In the meantime, he must do nothing to force the Germans to act, do nothing although future generations could well revile his failure to condemn Hitler, the Nazis, and the barbarism Europe had not seen in a thousand years. The history of his papacy, even what would be perceived as his legacy, was irrelevant. The Church would survive him. It might not survive what was below the Vatican.

He had hoped he would be revered as the Pope who found the first contemporaneous documentation of Christ’s existence. Now he was faced with being seen as collaborator with the Germans.

He had prayed such proof might be found by excavation, that Constantine had left some evidence, some relic of Our Lord, and those prayers had been cruelly answered. What was he to do? Did the Germans know exactly what had been found? If so, Pius despaired of the Church being able to keep the find, let alone its secret.

There was nothing he could do, really, other than pray for guidance from above. Pray and do nothing to provoke the Germans into action.

An ornate Louis XVI clock beside the window indicated that there were a few minutes left before the scheduled meeting. The Pope picked up a stack of papers and began to refresh his memory with a chronology that would not have been conceivable even a year ago.

The Allies had landed in Sicily last July. A few days later, the first bombs had fallen on Rome, damaging a rail staging area in the St. Lorenzo District as well as a medical school and a church. Pius, the first Roman Pope in over two hundred years, had reacted with shock and anger, as had his fellow Romans.

He had proposed that Rome be made an open city, one neither defended nor attacked. After all, the Eternal City should be spared the destruction bombs had created in London and Berlin. It was the last time he had spoken out.

There was a gentle knock at the door. Without waiting for a reply, Fra Sebastiani, Pius’s personal assistant, appeared with a tray bearing espresso and four small cups. He set the tray on a table in front of the desk and withdrew. Years of service had acquainted him with His Holiness’s moods, and one look at the pontiff’s face told him conversation was neither wanted nor needed.

Getting up, Pius filled a cup and returned to his desk and the dismal scenario in front of him.

After the bombing, Pius had spent hours of the night in the lower levels of the Vatican, praying for peace, for Rome.

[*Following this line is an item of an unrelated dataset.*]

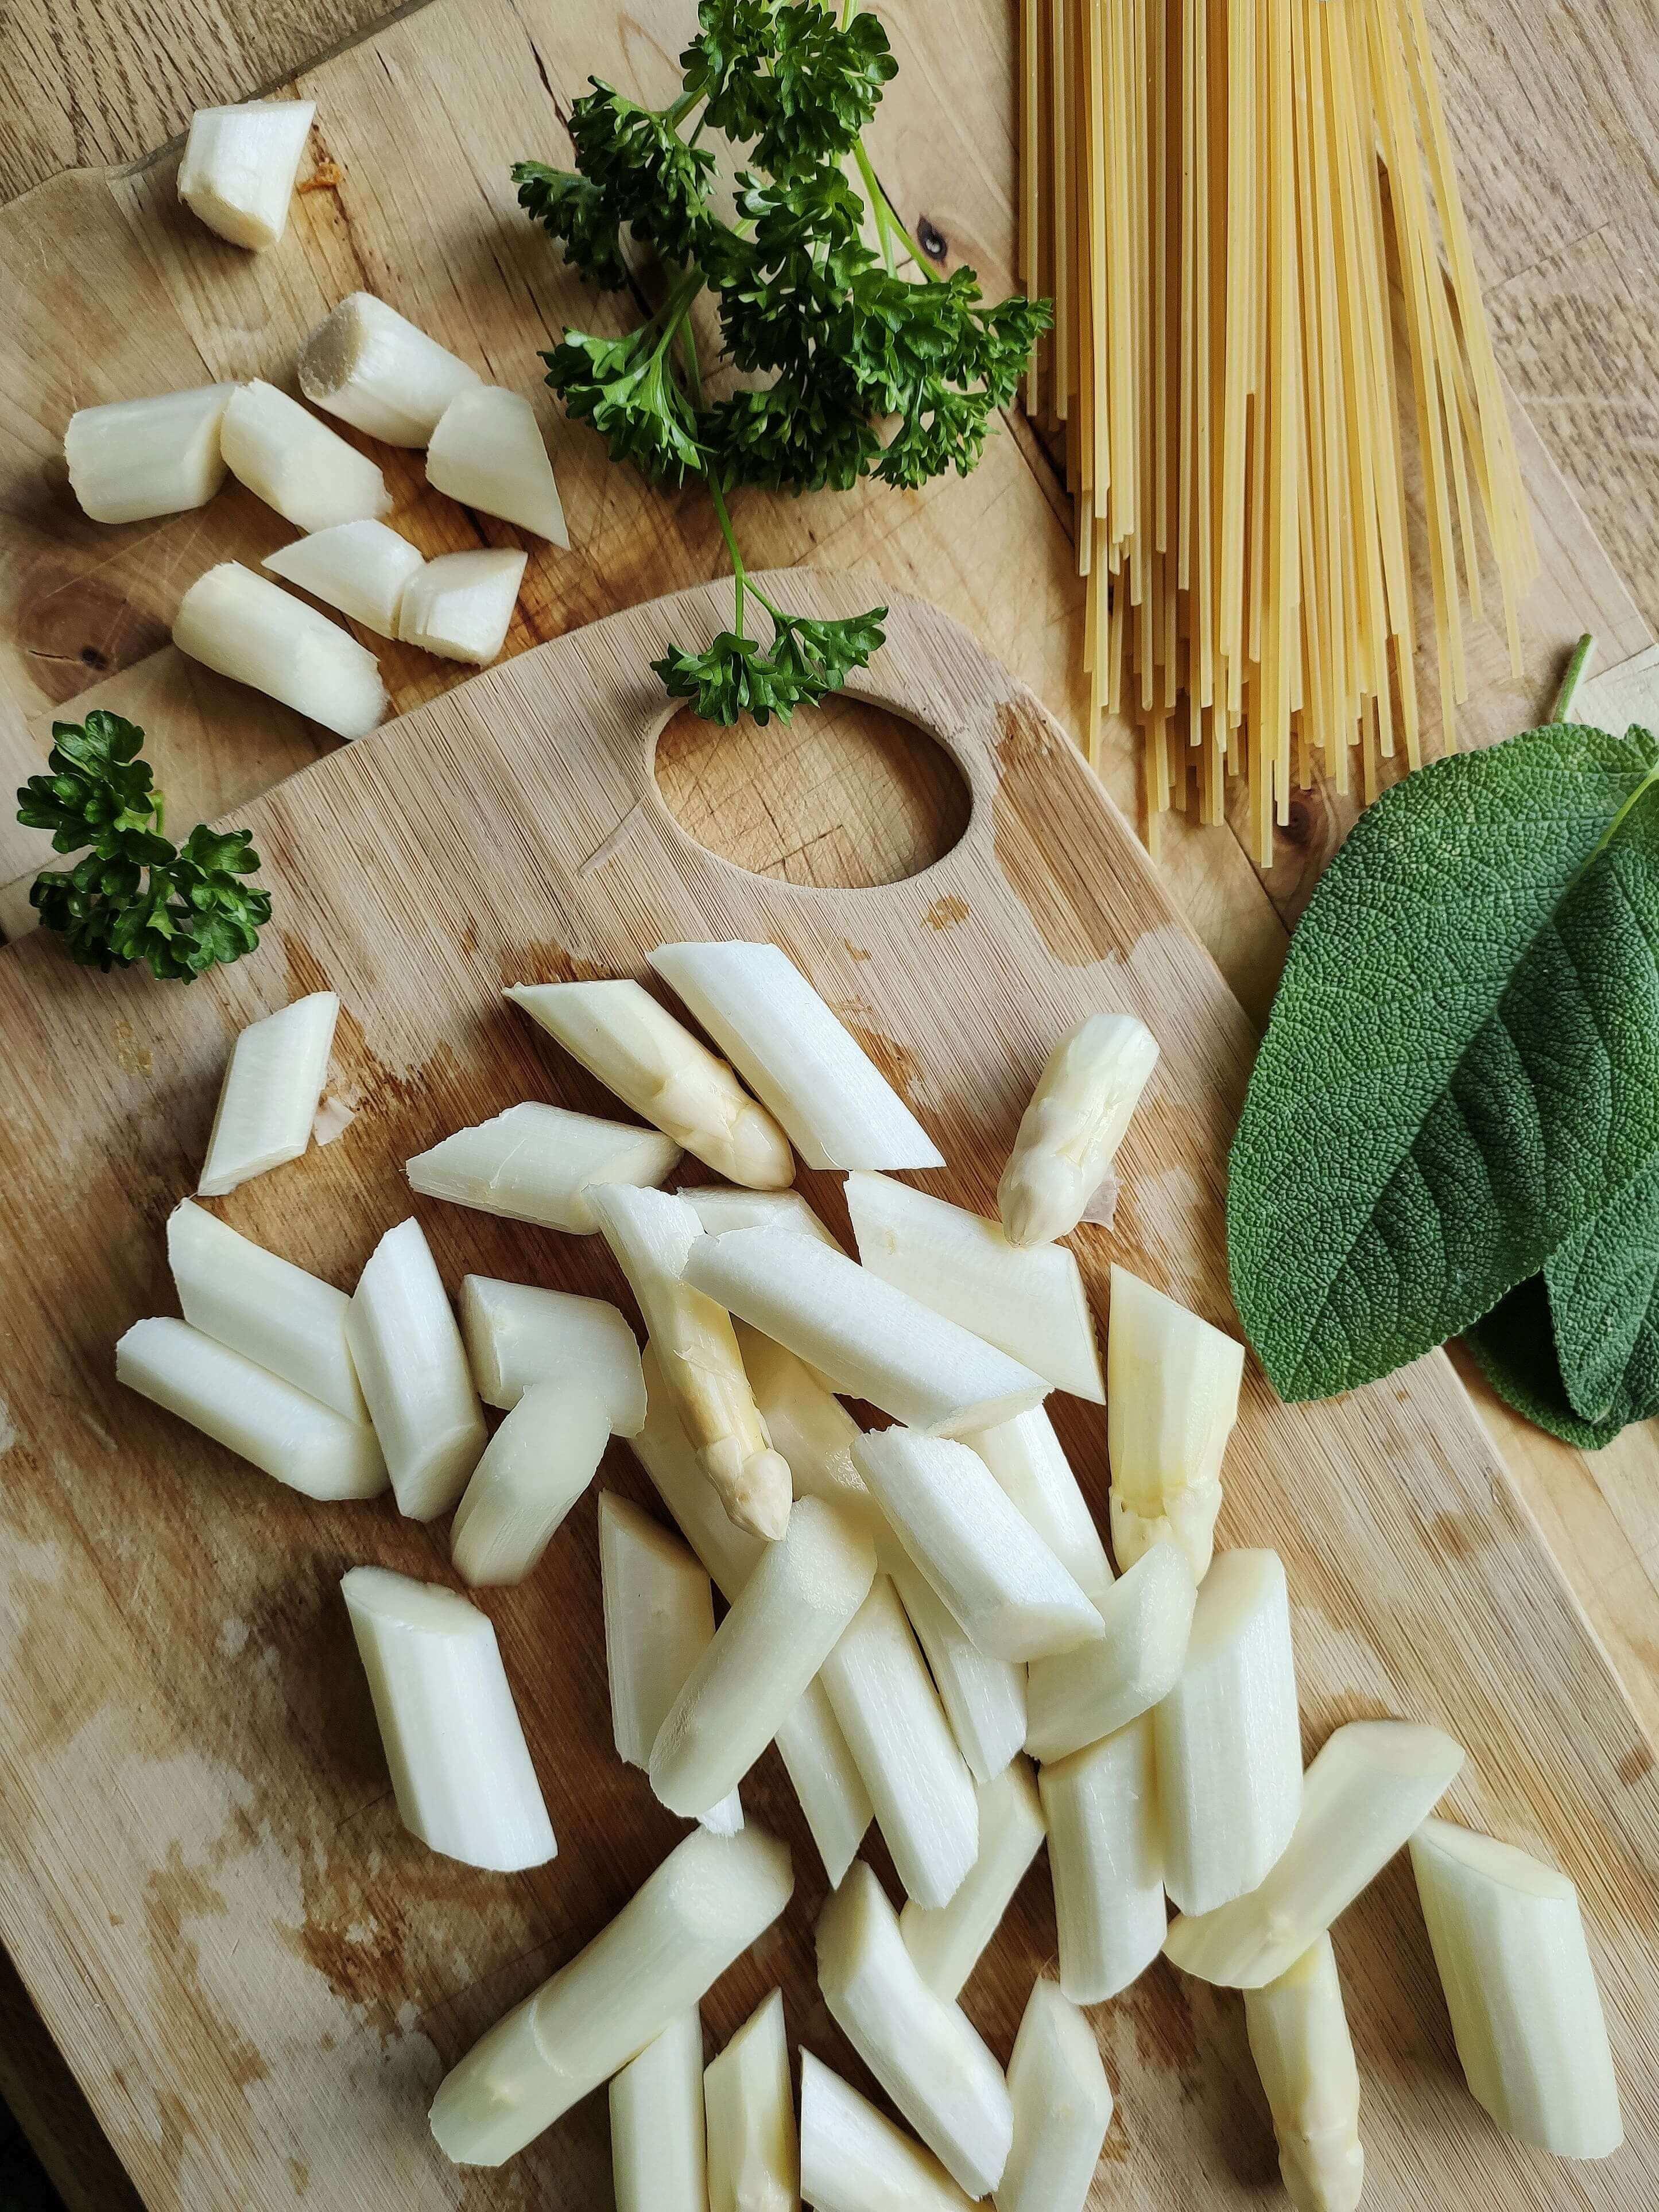 Schnelles Rezept für Pasta mit Salbei und Spargel -sehr lecker

And he had prayed for . . . He closed his eyes. God had seen fit to grant the latter prayer, the cause of Pius’s present distress.

Within days of the air raid, Mussolini had been arrested at his weekly visit with the king. Six weeks later, Eisenhower, the Allied Commander, had announced the capitulation of the Fascist government, and two days after that, the Allies landed on the Italian peninsula.